Out here, these days, since they raised the national speed limit to 60 mph, people think it gives them license to drive at least 60 everywhere. On the freeway, on a two-lane road, in a parking lot, down your driveway, everywhere!
It's insane. I've never been tail gated so many times, for driving the posted speed limit, just because the posted speed limit wasn't 60.
Brand new Beemer as your Driver's Ed vehicle. Must be nice. We got '75 and '76 Ford Granada's. The manual tranny car had a 2.3L Pinto engine and 3 on the tree.

 
As long as we're off thread, once when my ex and first two daughters visited, I was told that first daughter was to receive her mom's pinto std shift when they returned to South Carolina.
Since daughter no.1 had only just begun driving in flat land Louisiana, she was concerned about driving in hill/mountain country. We went on a Sunday to a factory loading ramp for big rigs and she practiced driving up, hold on incline, start uphill with proper clutch. She later, back home in S.C., said she had no problem now on hills but still jerk started on flat land.
I learned to parallel park with full size American cars (1940s-50s) so the only problems came with smaller cars with different visual references. More revelations occurred with front wheel drive. They just don't skid the way the experts say front wheel drive is supposed to.
 

People don't understand braking distances and how if you have to brake for sone reason they will go right up your ass because there is no possible way to avoid it when you are only half a car distance behind me tailgating me.

I want to put a bumper sticker on my car that says "If you are going to ride my ass, at least pull my hair."

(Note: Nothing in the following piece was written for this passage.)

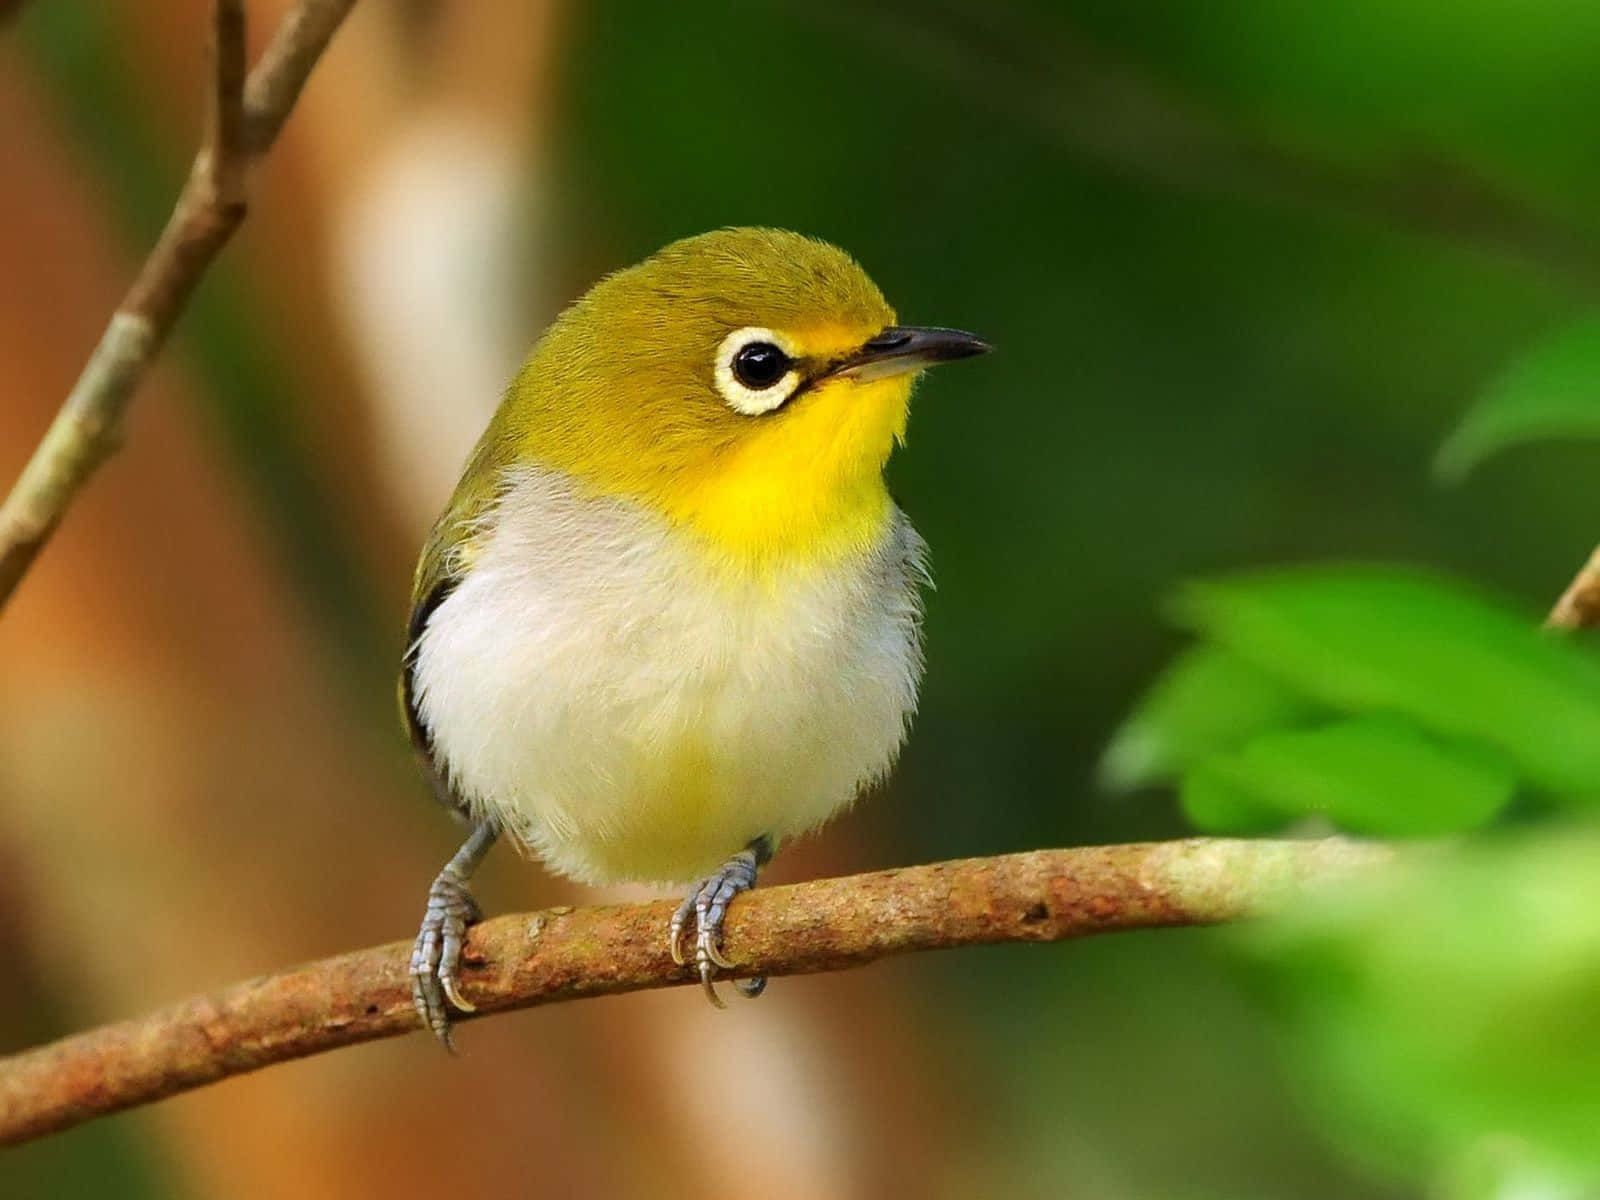 A Cute Little Bird Sitting Content in Nature

Then don't get me started on the zipper method. Nobody here comprehends the basic concept about everyone waiting until the merge point to merge, and that while traffic is indeed slower it is still the most efficient way to merge when two lanes become one. Instead they believe people are just trying to get ahead, so they try to prevent them from merging. Then you have the idiots who start merging 3 miles before the merge point forcing traffic to get even more slow and congested.

Turn signals? WTF are those?

All because people today are not actually taught to drive.